In yesterday’s post I identified an implicit conceptual assumption that mars the vast majority of work using events data to study contentious politics, and pointed out that one way forward is the use of latent measurement models. Today I offer a different salvation: a set of assumptions that not only delivers us from the morass implied by abandoning the assumption that burdens contemporary analysis, but also ties very nicely to most any theory of contentious politics that explicitly works with actors making choices.
The Conceptual Move to Information Sets
Given that counting the number of [fill in your favorite event here] is not possible, latent measurement models are one option. However, a reasonably simple, and powerful, conceptual move is also readily available to us. I have been aware of the problem I described yesterday since the late 1980s, and through the late 1990s just lived with it, publishing several studies that pretended the problem did not exist. Why? I could not think of any solutions. Indeed, I have only become aware of latent measurement models in the last 4-5 years. But in the early 2000s what I call the “information set conceptual move” occurred to me, and I put it to use in Poe, Davenport & Moore (2003), Moore & Shellman (2004, 2006, 2007) and several working papers since. The move should have occurred to me during my work on Moore (1995), which builds explicitly upon work by Mike McGinnis and John Williams (1988, 1989) on the US-Soviet superpower rivalry, but did not.
In brief, the move consists of invoking the following assumptions (or some similar set):
1. Actors select levels (or types, etc.) of cooperation and conflict to direct toward a target.
2. The actors select that level (or type, etc.) from a finite set of options.
3. To make the choice in assumption 1 from assumption 2 they rely upon an information set which they use to form beliefs about the (past or expected) behavior of other actors, as well as their own past behavior.

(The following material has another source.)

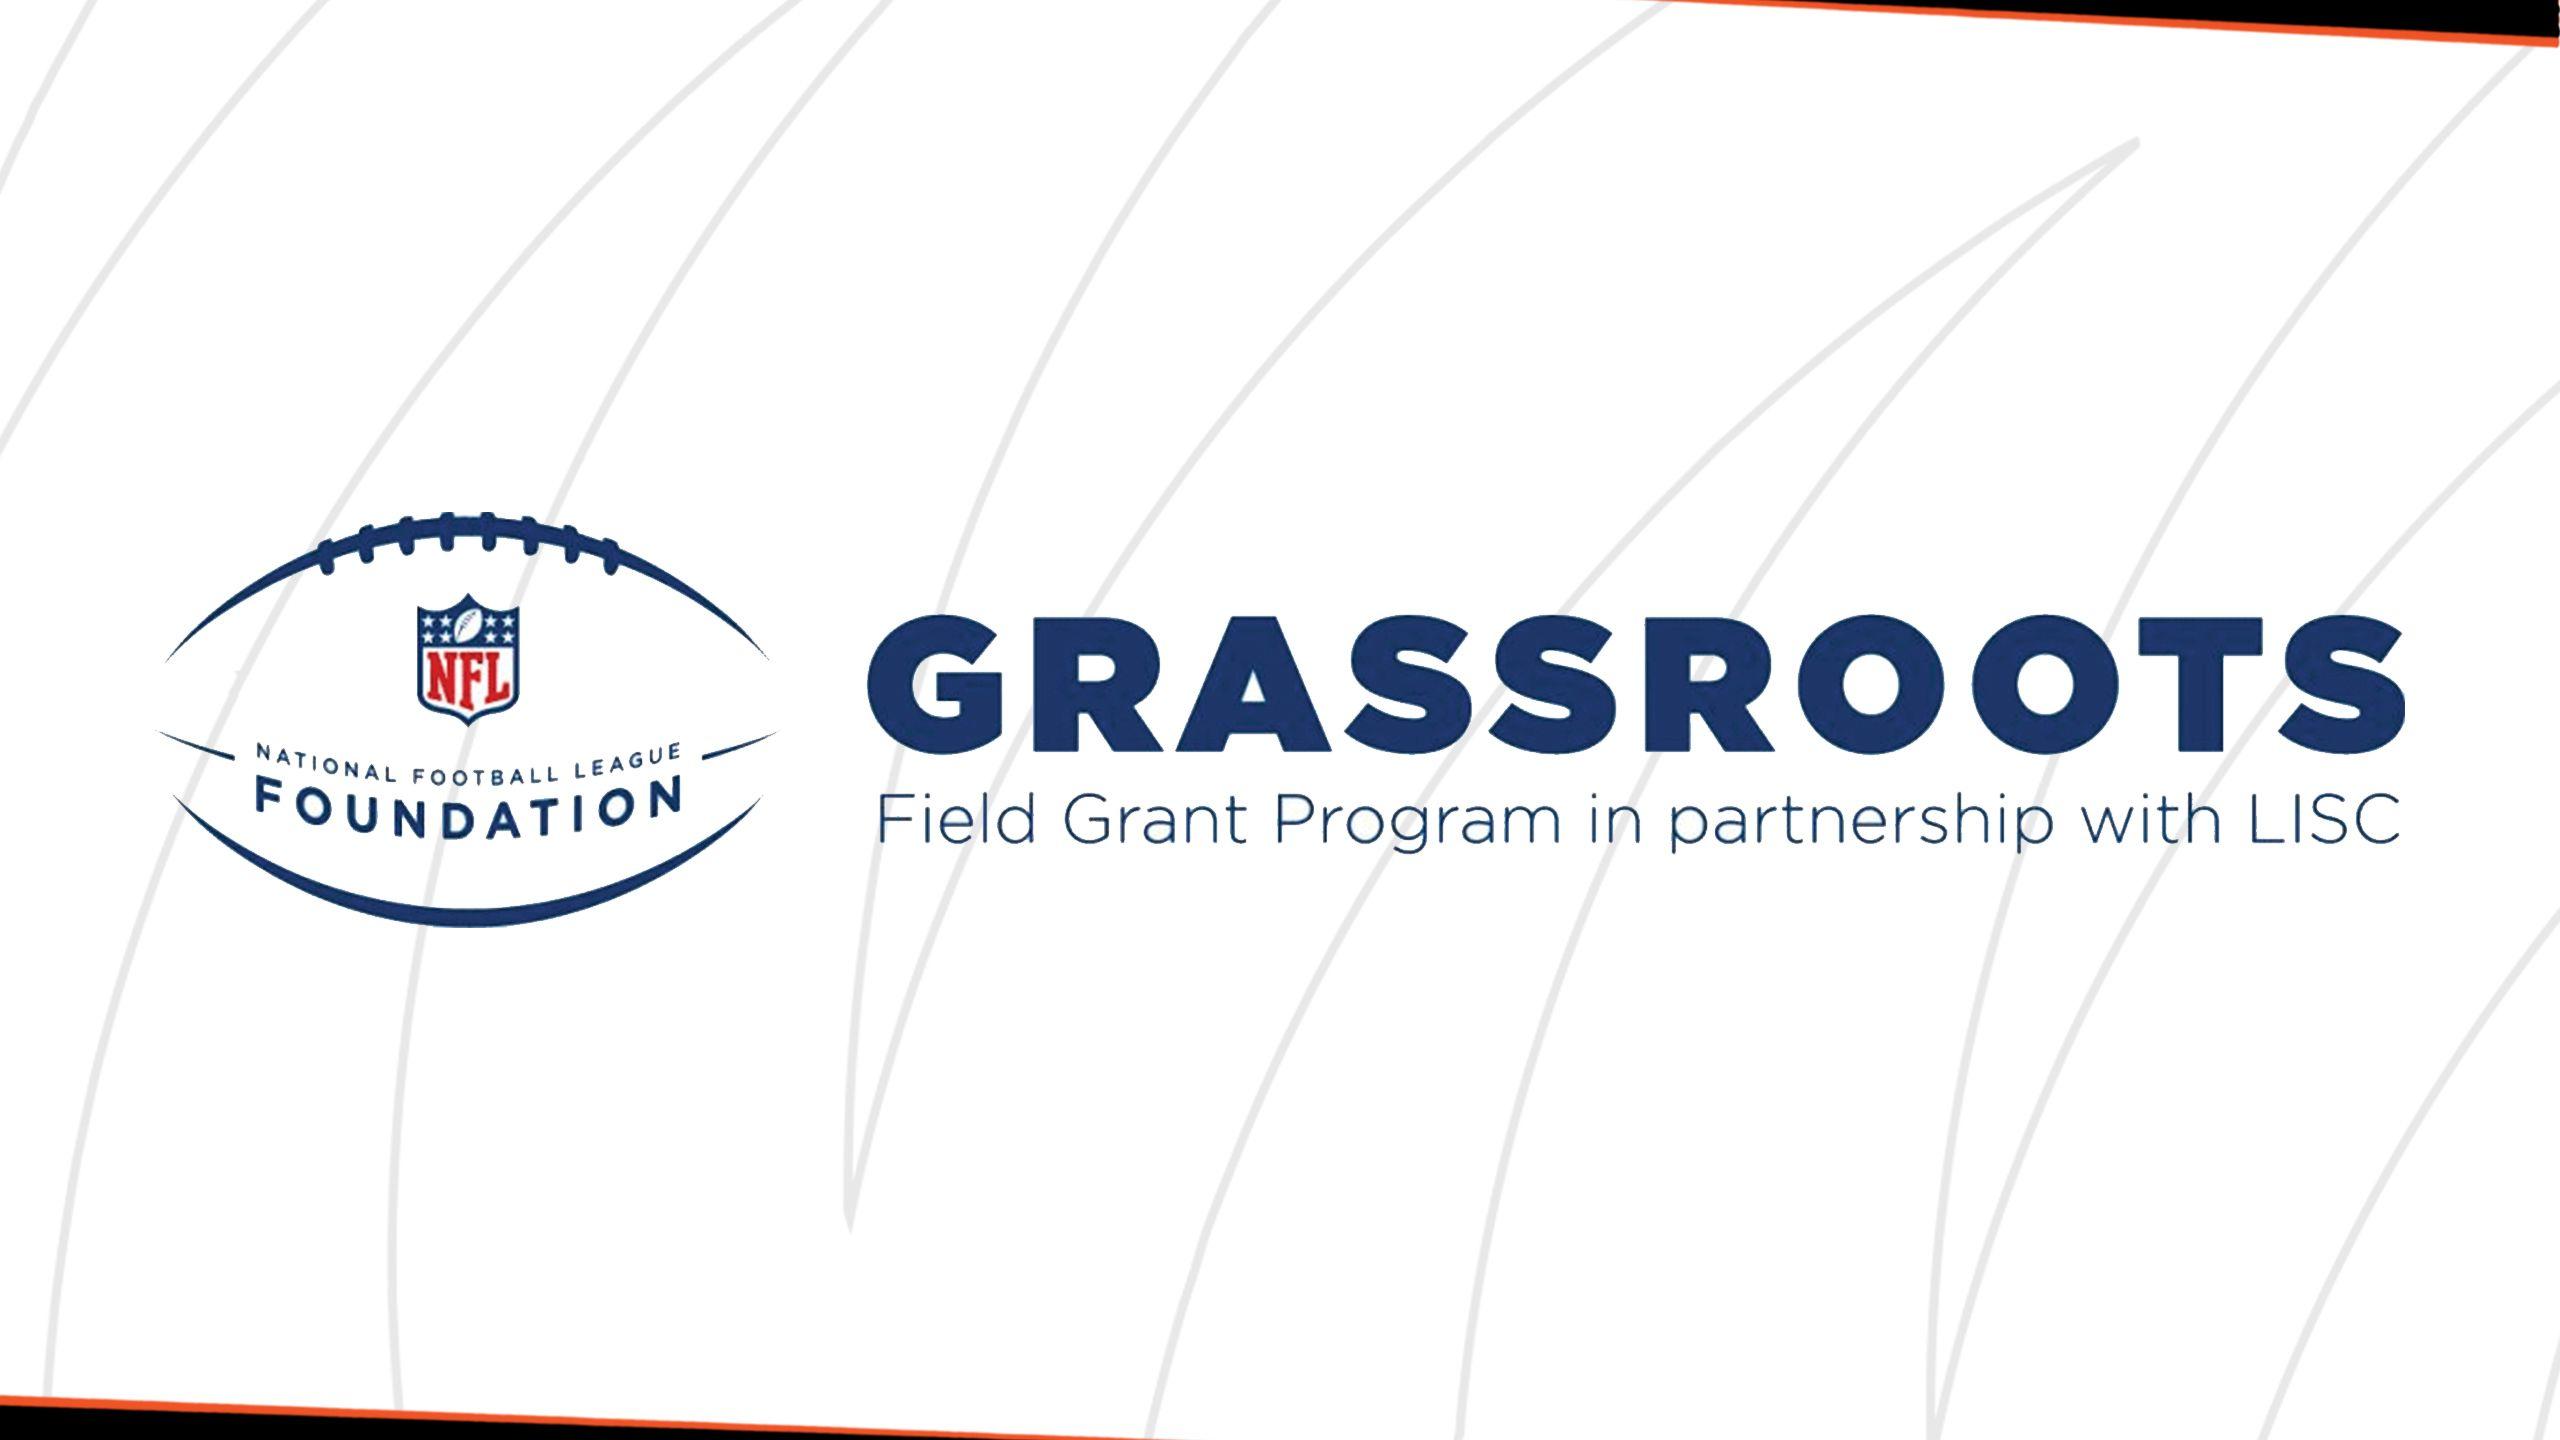 NFL Grassroots Grant
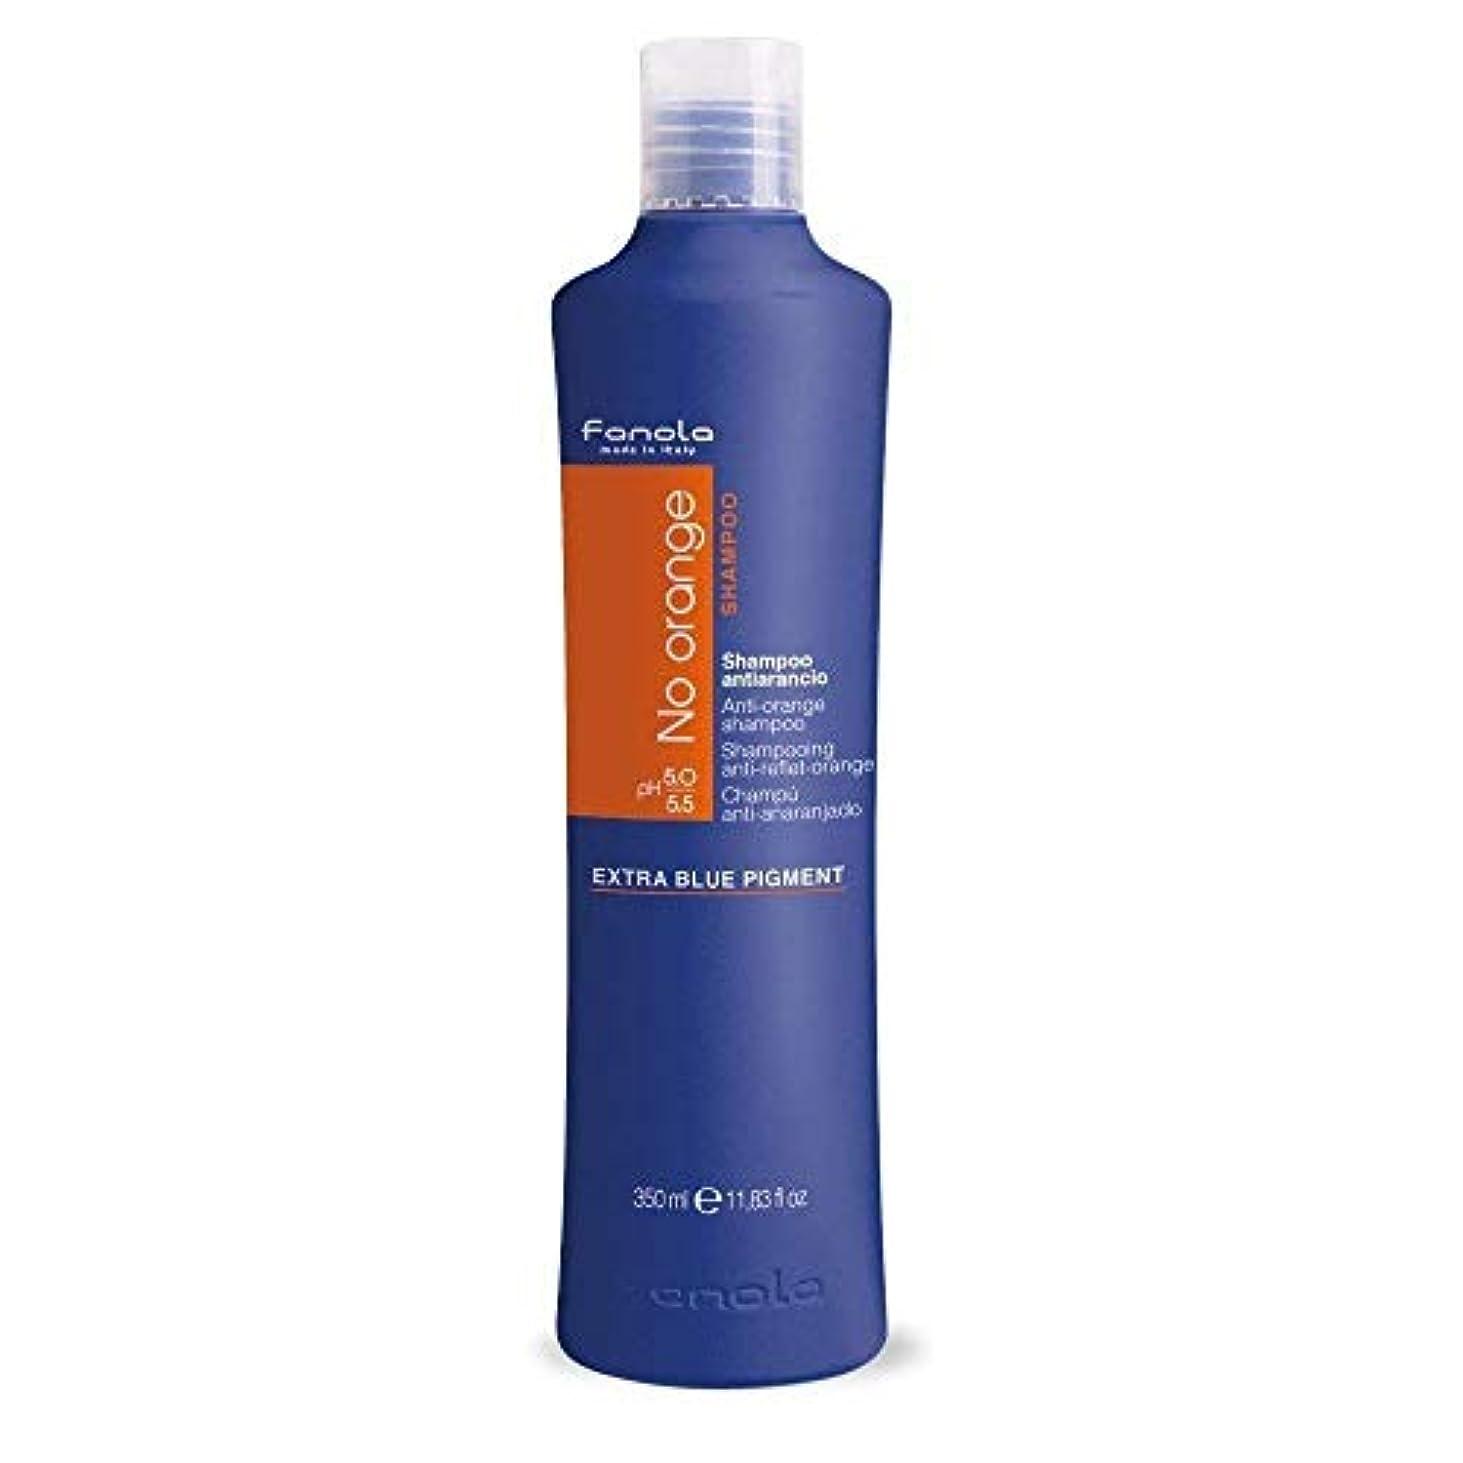 長さうねる有効Fanola No Orange Shampoo 350 ml  青カラーシャンプー ノーオレンジ シャンプー 海外直送 [並行輸入品]

4. That information set can be partitioned into private and public subsets [the former containing information available only to some subset of actors, and the latter available to all actors].
5. The public information set is contained in media reports.
6. The private information available to each actor is normally distributed over any dimension of interest [and can thus be modeled as a portion of the error term in any multiple regression].
The most important of these assumptions, for our purposes, is number 5. Indeed, others may be able to think of ways to invoke little more than number 5 and make the “absence of ground truth” problem disappear. But I have found it useful to invoke the full set of six.
Why is this move powerful? There are two reasons. First, once it is invoked the questions about validity change markedly. If we are trying to assess the validity of a count of event X based on specific sources and a particular coding scheme and our concept is the “ground truth” value of that count, we are stuck in latent (unobservable) land. However, if we are interested in the choices that dissidents and states make about, say, tactics in their competition with one another, then we can turn our attention to conceptualizing the information set upon which they will draw to make those choices. Media reports are a publicly available source of information. We can readily embrace them as containing the information we need to create unbiased, valid measures of the public portions of information sets available to different actors. That’s a big deal!
Second, this move links your conceptualization of events directly to any theoretical framework that has actors making decision based on information sets. I will assume that the reader is familiar with a plethora of such frameworks, from rationalist theories of utility maximization through psychological theories of decision making.
Naturally, no conceptual move, no matter how cool, solves all problems. Assumption 6 is what one would call, ahem, a strong assumption. But I contend that it not as strong an assumption as the one we have implicitly been invoking as we cast about for the combination of sources that will produce “ground truth” event counts. Further, explicit strong assumptions point us rather directly at opportunities for theory development. And just because I have yet to think of helpful ways in which to relax assumption 6 does not mean you cannot.
To summarize, from where I sit we have two very viable options for moving forward as we think about events data and the study of contentious politics. One embraces the challenge of latent (unobservable) data. The other is a theory driven solution that makes the problem irrelevant. Here’s to hoping that lots of folks embrace both options, for we have much to learn.
 I have since learned of two working papers that are directly relevant: Lowe (2013) “Measurement Models for Event Data” and Fariss (2014) “Uncertain Events: A Dynamic Latent Variable Model of Human Rights Respect and Government Killing with Binary, Ordered, and Count Outcomes.”
 It turns out that this is a set of assumptions that I have been making throughout my career (e.g., see ), but have yet to catch on.
 See, also, their 2001 book. One can re-read my pre-2003 work that uses events data as if I had invoked these assumptions. That is, the solution was there for the taking, I just failed to appreciate it. Invoking the assumptions would not change my hypotheses. Doing so would only put those studies on a more solid foundation.
 Naturally, one can add any number of additional assumptions to build one’s specific theory. For example, any given source of reports (e.g., The New York Times or Amnesty International publications) is available to an audience that will consume the information contained therein with some probability. I recommend assuming that the probability of consumption of a randomly selected news item is normally distributed across the potential readership of the source, but you are free to make any assumption you find appropriate.
 You will presumably also want to make an assumption about goals pursued (whether utility maximization, minimizing psychological stress, or what have you), but I leave that to you.